NewSumOfListPrice := CALCULATE (SUM (DimProduct[ListPrice]))
Surprisingly, SSDT refuses to create this new formula and returns an error
Analysis Services has detected a circular dependency in the formula, which was not detected before. And, because we did not change anything in the formula, the error seems a very strange one. Something has changed indeed, and it is the number of columns in the table. If we were able to add the NewSumOfListPrice to the table, we would reach a situation where the two formulas have these meanings:
- SumOfListPrice: “Sum the value of ListPrice for all the row in the DimProduct table which have the same value for ProductKey, ProductAlternateKey, StandardCost, ListPrice and NewSumOfListPrice”.
- NewSumOfListPrice: “Sum the value of ListPrice for all the row in the DimProduct table which have the same value for ProductKey, ProductAlternateKey, StandardCost, ListPrice and SumOfListPrice”.

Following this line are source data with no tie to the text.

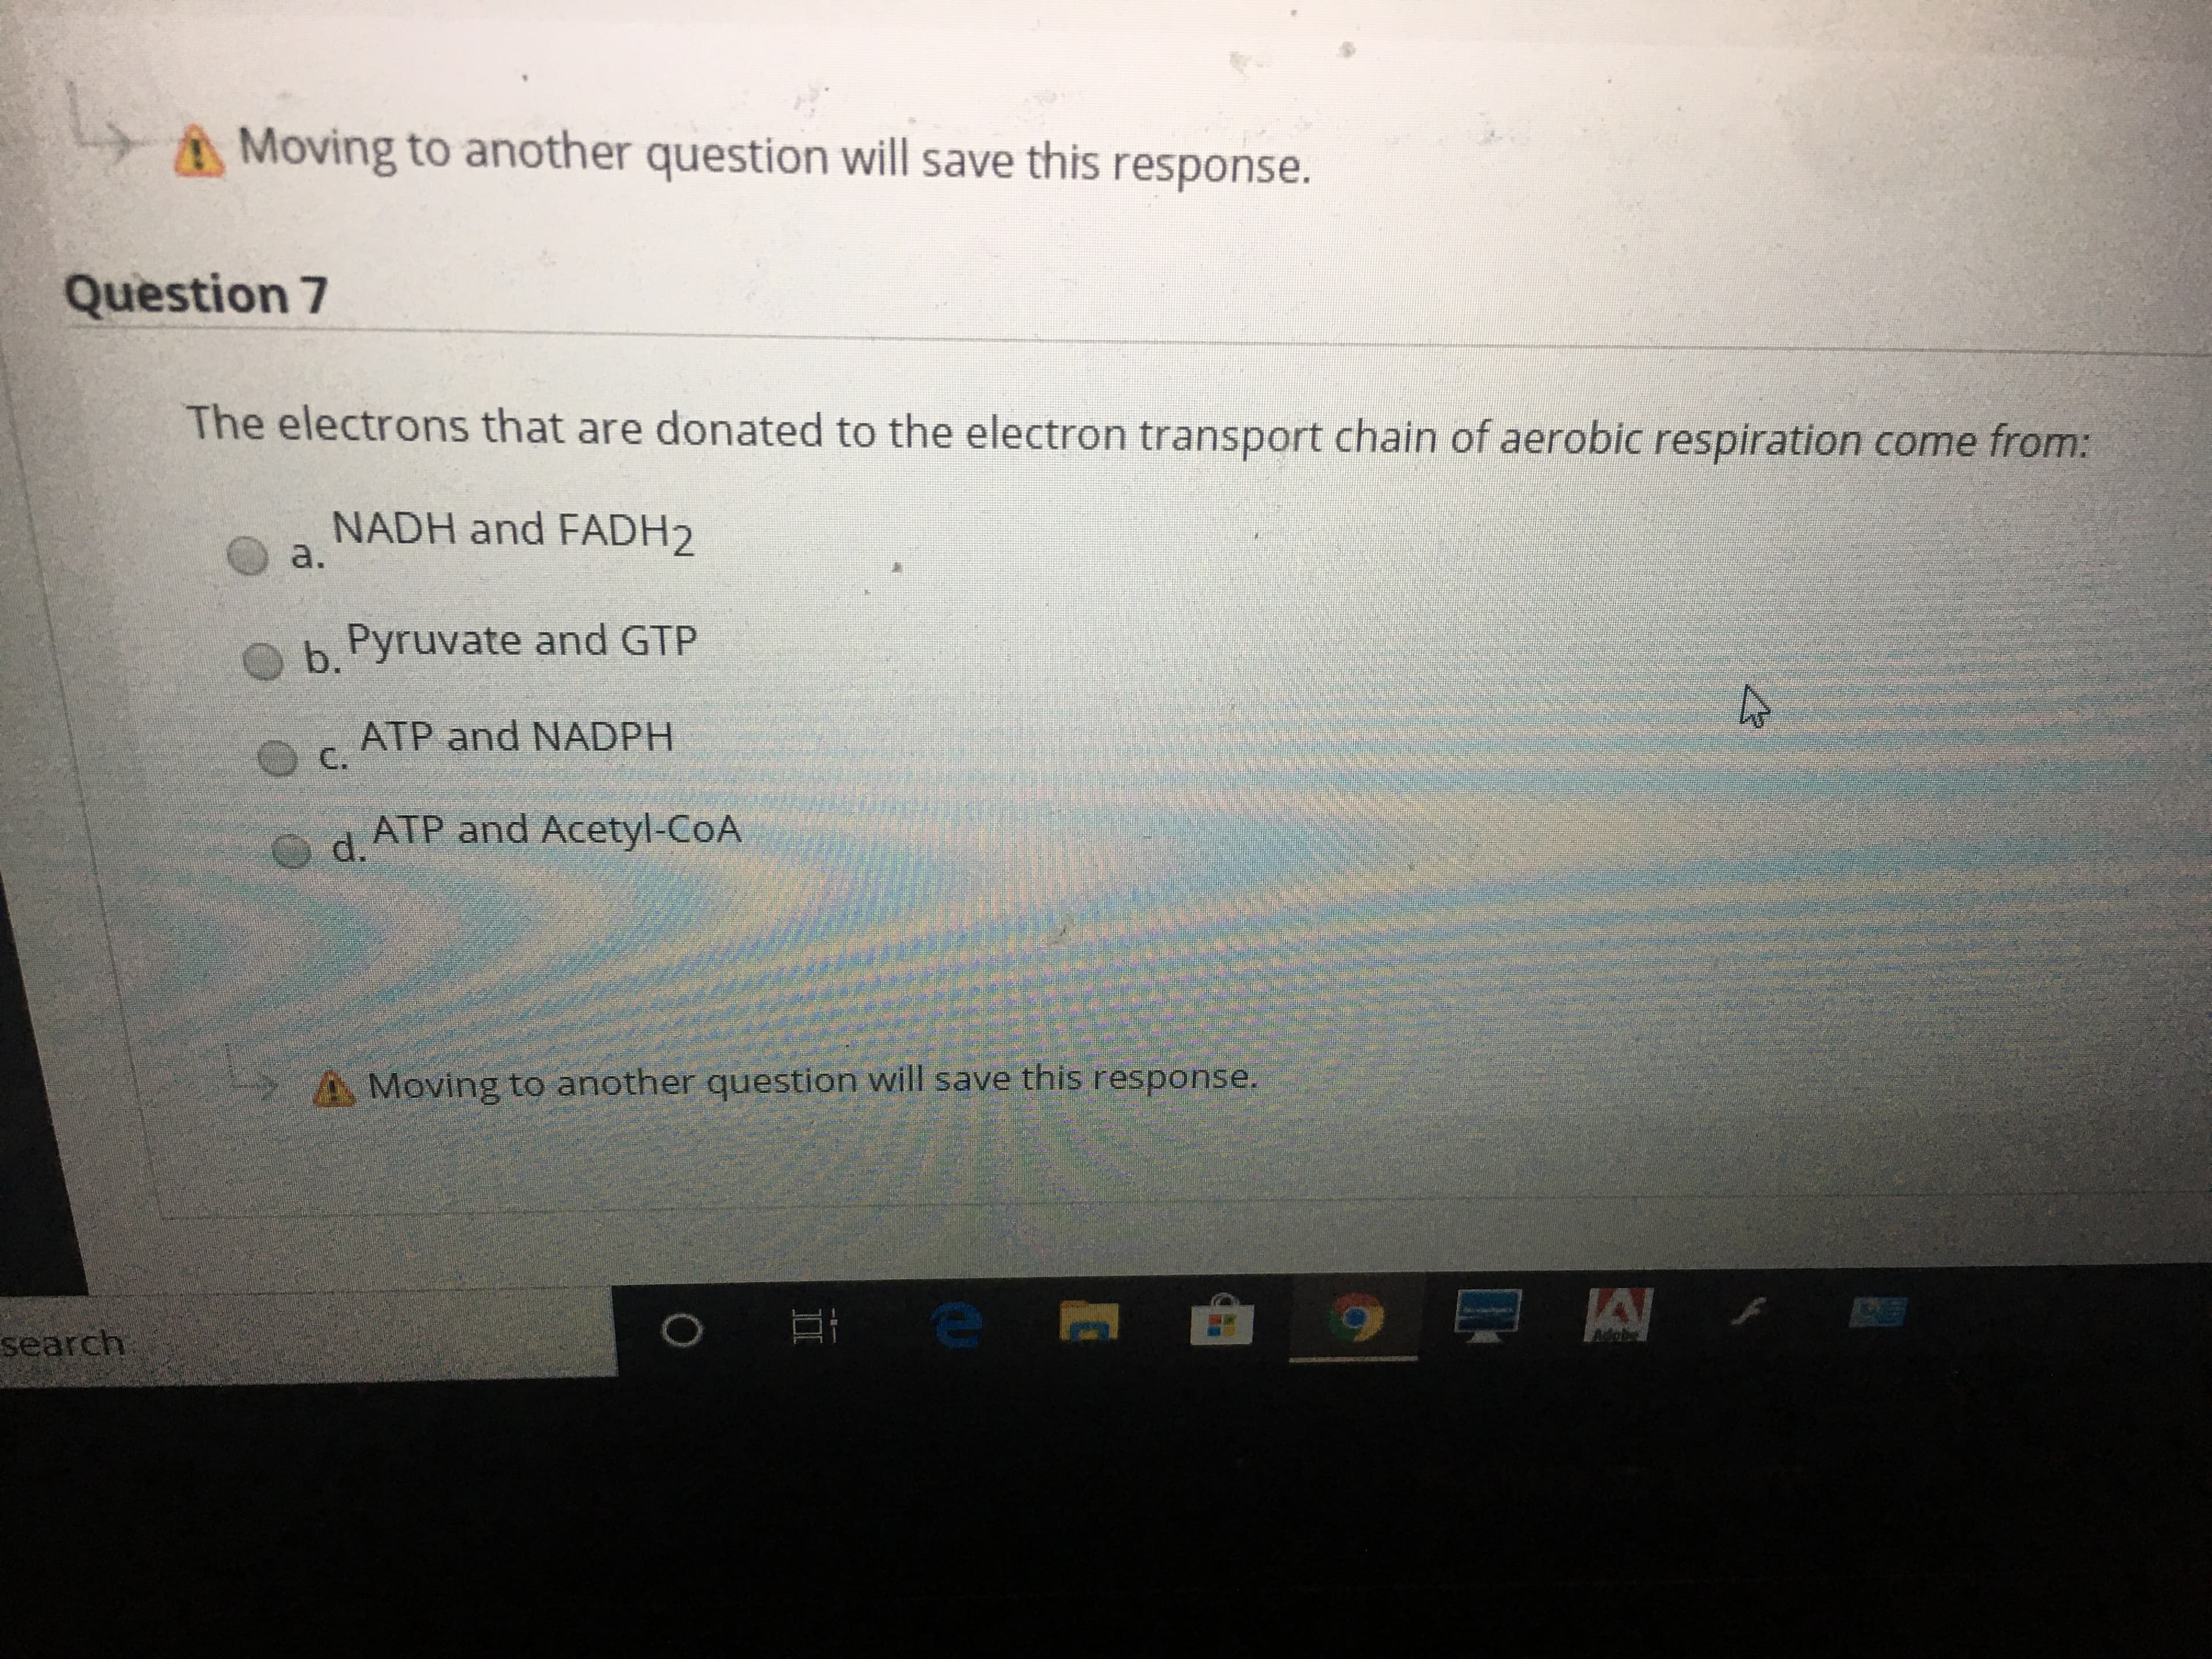 Moving to another question will save this response.
Question 7
The electrons that are donated to the electron transport chain of aerobic respiration come from:
NADH and FADH2
a.
b.
Pyruvate and GTP
ATP and NADPH
C.
ATP and Acetyl-CoA
Od.
A Moving to another question will save this response.
search
II

Having added the calculated column, these columns become part of the filter context introduced by CALCULATE and, as a consequence, they are part of the dependency list. Reading the previous definition, it is clear that there is a circular dependency between the two formulas and this is the reason why Analysis Services refuses to allow us to create the NewSumOfListPrice column.
Understanding this error is not very easy. But, on the other hand, finding a solution is pretty straightforward, even if not very intuitive. The problem is that any calculated column containing CALCULATE (or a call to any measure, which adds an automatic CALCULATE) creates a dependency from all of the columns of the table.

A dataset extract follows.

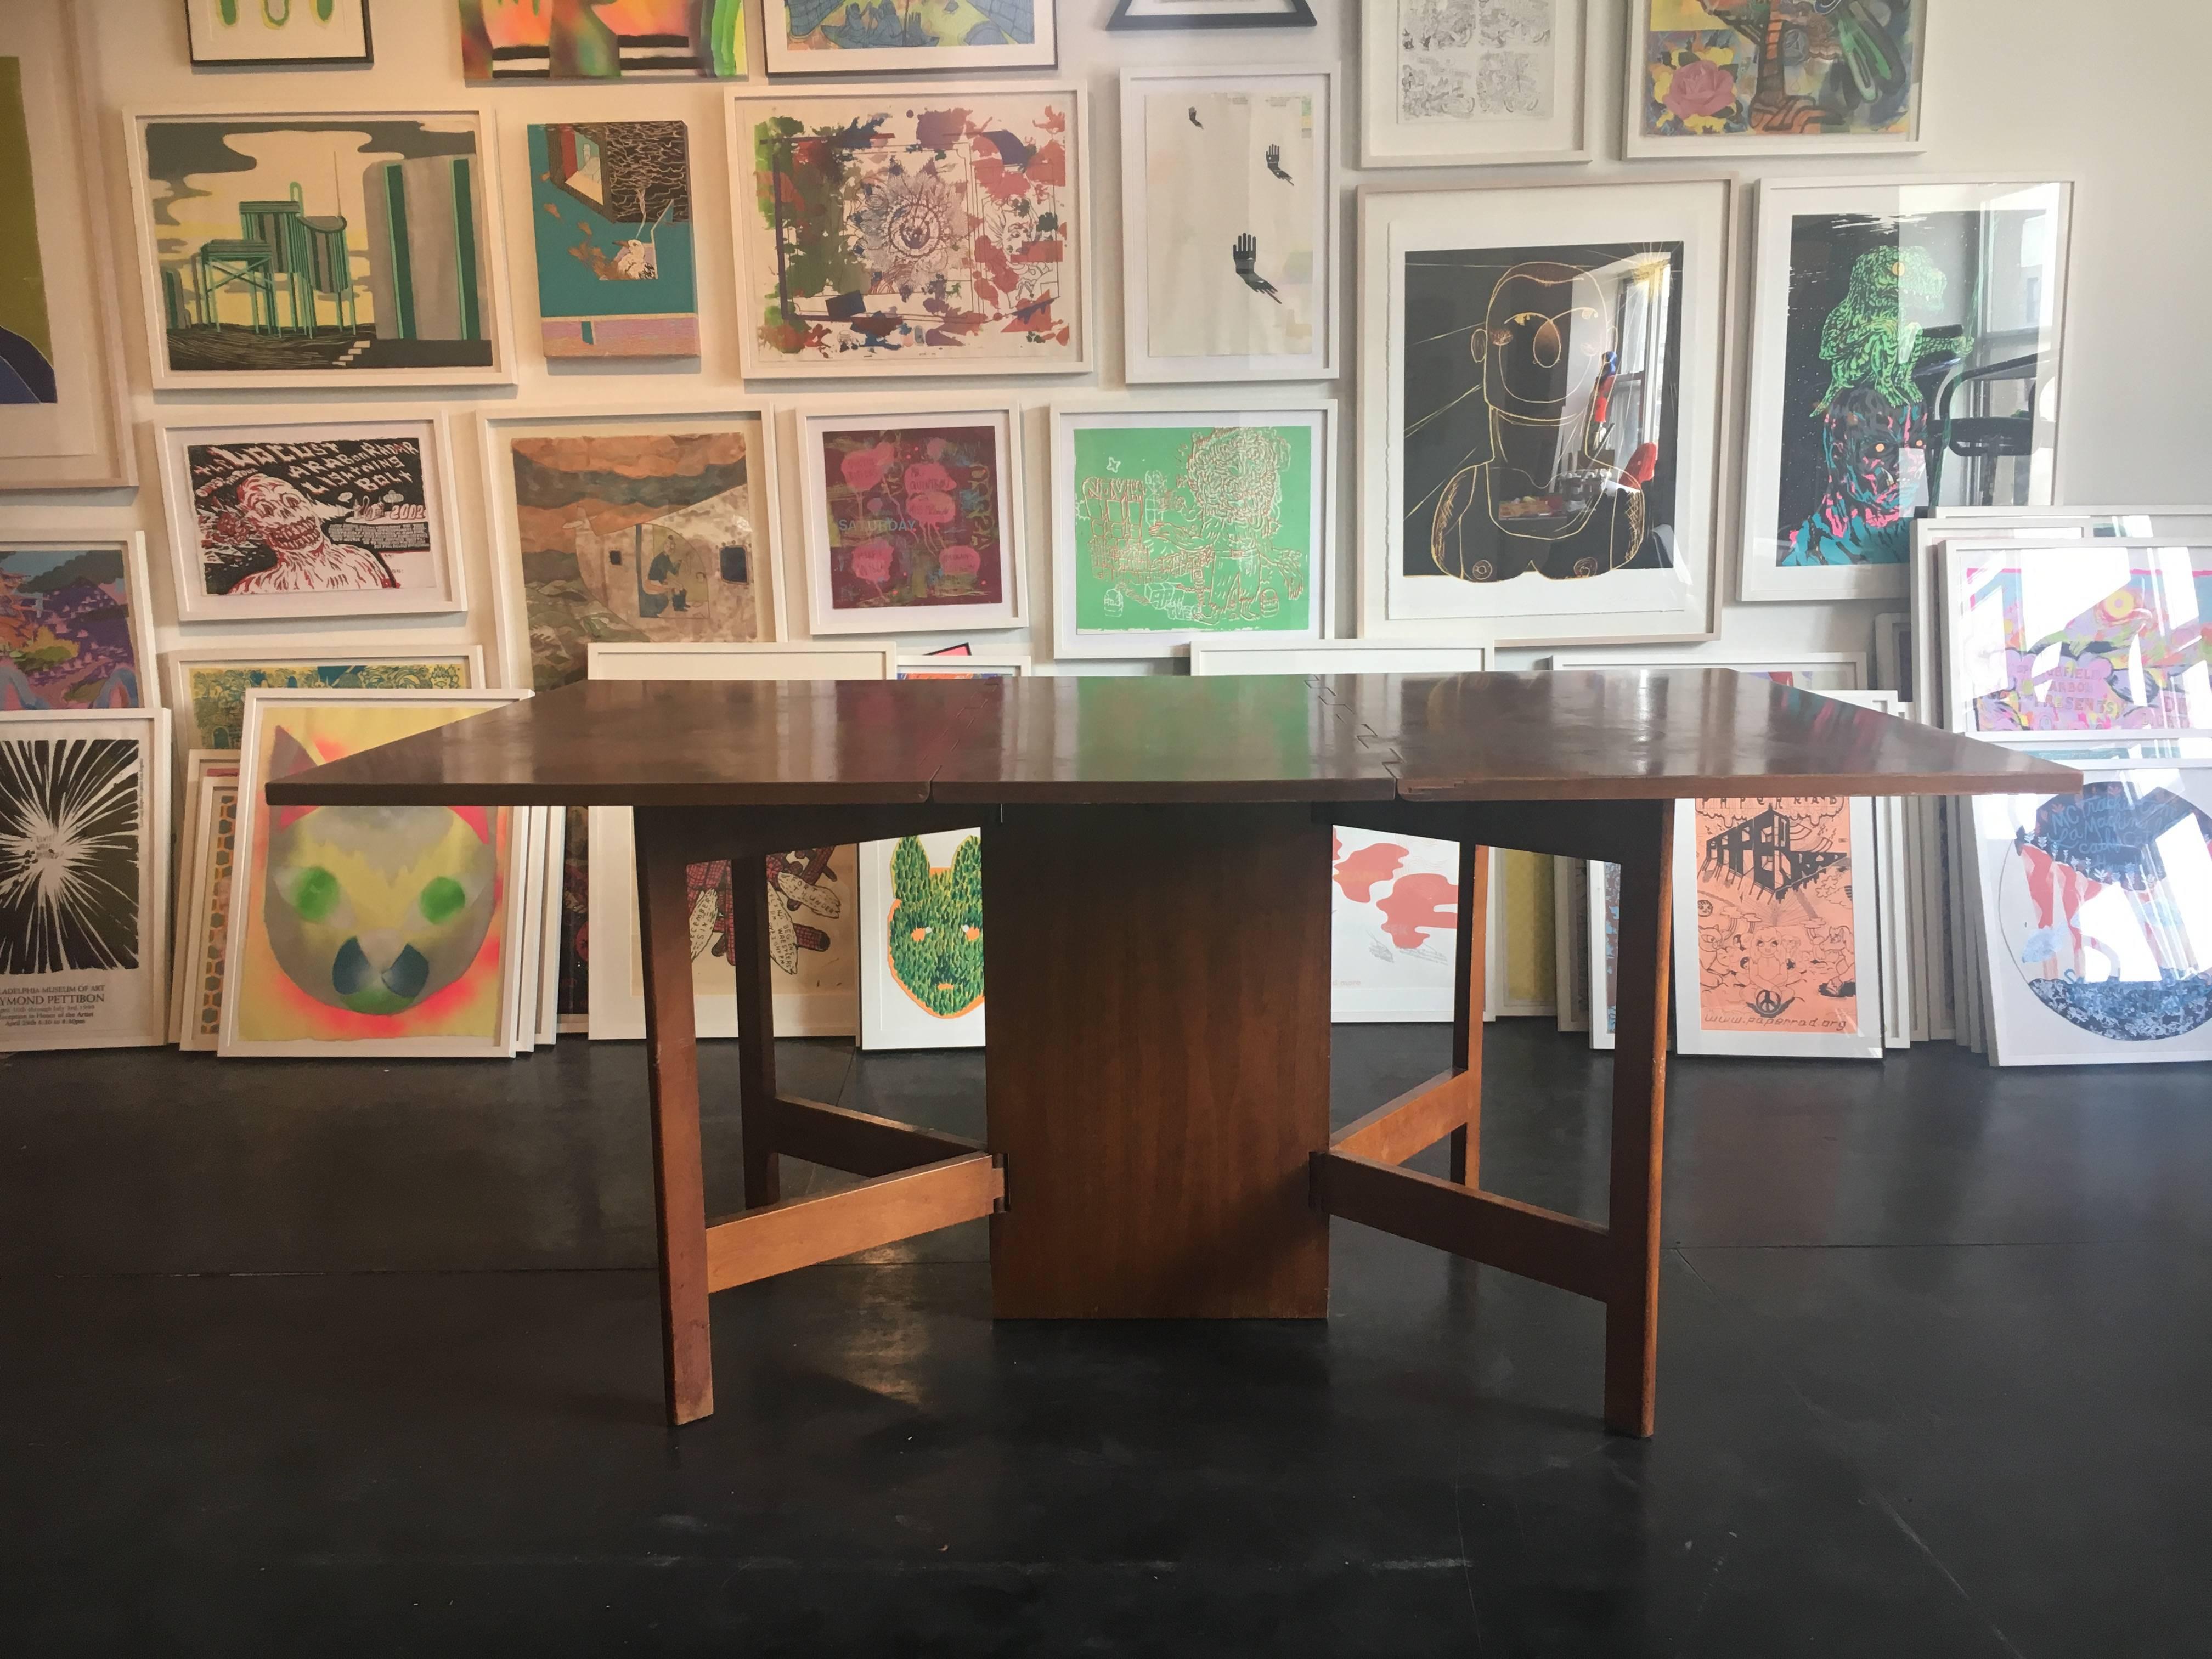 Gate-leg dining table designed by George Nelson for Herman Miller. Model 4656.
Featuring wooden hinged top and base. Works well in small spaces, and can be adjusted to seat two to six people or used as a desk or console table. Measures 18

The scenario would be different if the table had a row identifier (a primary key, in SQL terms). If the table has a column which acts as a row identifier, then all columns containing a CALCULATE could depend from the row identifier, thus reducing their dependency list to a single column which, by the way, is not a calculated one. Guess what? Tabular is smart enough to behave this way!
In the DimProduct table there is such a column: it is ProductKey. In order to mark the ProductKey as a row identifier you have two options:
- You can create a relationship from any table into DimProduct using ProductKey as the destination column. Performing this operation will ensure that ProductKey is a unique value for DimProduct.
- You can manually set the property of Row Identifier for ProductKey to TRUE using the Properties window inside SSDT or the corresponding feature in PowerPivot
One of these operations will make the engine learn that the table has a row identifier and, in such a scenario, you will be able to define the NewSumOfListPrice column avoiding circular dependency.
As a final advice, it is always a good idea to set the Row Identifier property of a table if such a row exists in the data model, because the Vertipaq engine will make use of this information to optimize all calculations. Nevertheless, row identifiers occupy space in the data model and their memory usage is pretty high because they have the maximum number of distinct values (a different value for each row). Thus, if a row identifier is not needed inside a table (for example for fact tables), it is always a good idea to avoid loading it inside the Tabular data model. Then, in case you face the circular dependency issue, it might be necessary to add the row identifier column to the table, so that the problem is solved.
There are other techniques to avoid circular dependencies. For example, using ALLEXCEPT to remove the calculated columns from the set of columns that become part of the dependency list is a viable option, but it makes all formulas more complicated. On the other hand, using ALLEXCEPT might be useful for very big tables, where the addition of a row identifier would cause memory footprint to grow too much.